Corraterie Gestion, une architecture ouverte pour une allocation d’actifs optimale

La rédaction de L’Expert Invest est allée à la rencontre d’un des pionniers de la gestion de fortune indépendante en Suisse. Créée en 1984, Corraterie Gestion est issue de la vision entrepreneuriale et indépendante de la gestion de fortune d’anciens Banquiers. Rachetée en 2013 par le Groupe Eric Sturdza, l’entreprise a su s’adapter aux exigences d’un métier, qui s’est affirmé au fil de ces quatre dernières décennies. Jean-Pierre Lagane et Frédéric Durand respectivement CEO et CIO de Corraterie Gestion, nous décrivent leur approche de la gestion de fortune et partagent leur expertise en matière d’allocation d’actifs.

Avec actuellement près de 1’200 millions d’encours sous gestion, Corraterie Gestion offre un savoir-faire dans trois domaines d’expertise : La gestion de fortune, le family office et la prévoyance professionnelle.

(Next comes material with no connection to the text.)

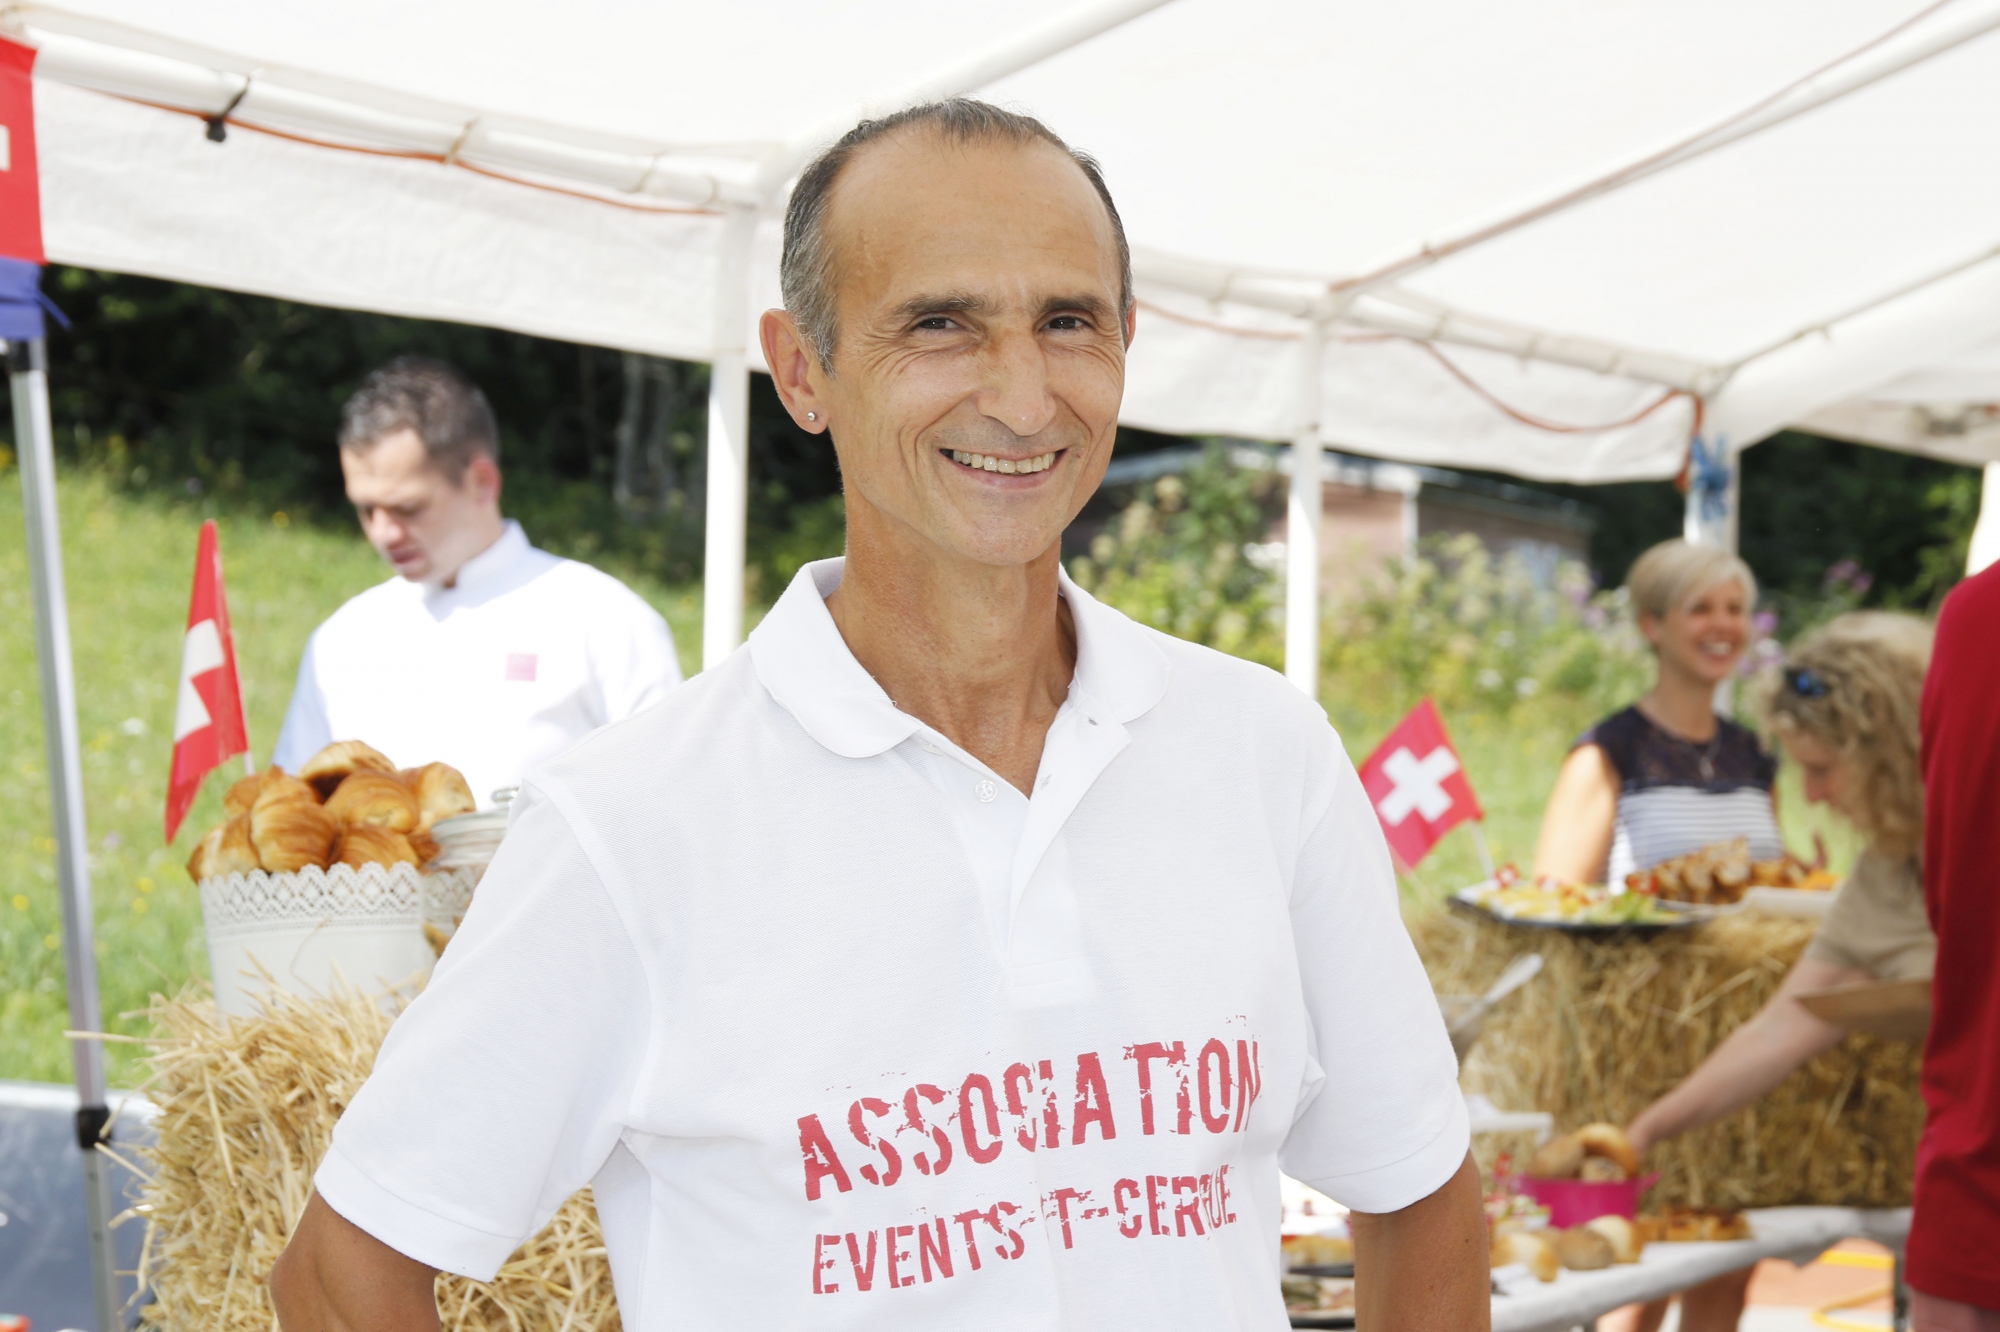 Events Saint-Cergue et son président Eusébio Bochons avaient notamment organisé le brunch du 1er août  l'année passée.

La clientèle de Corraterie Gestion est composée d’une vingtaine de grandes familles et d’environ 300 clients individuels. Ces relations sont gérées par une douzaine de Wealth Managers au bénéfice de plus de 20 ans d’expérience en moyenne. « Notre objectif est d’établir une relation de confiance solide et pérenne dans le cadre d’un service véritablement dédié aux clients avec des intérêts alignés dans le temps », souligne Jean-Pierre Lagane. Ouvert aux patrimoines de plus de 25 millions d’euros, le service de Family Office fait exemple en la matière. « Nous proposons des services de Family Office au plus près des attentes et besoins de nos clients, poursuit-il. Notre volonté est de vivre avec les familles en devenant leur cheville ouvrière pour partager avec elles les enjeux patrimoniaux et les accompagner dans l’ensemble de leurs démarches ». Un suivi dédié qui vise à saisir les opportunités et établir des liens transgénérationnels, indispensables à la bonne gestion des affaires familiales.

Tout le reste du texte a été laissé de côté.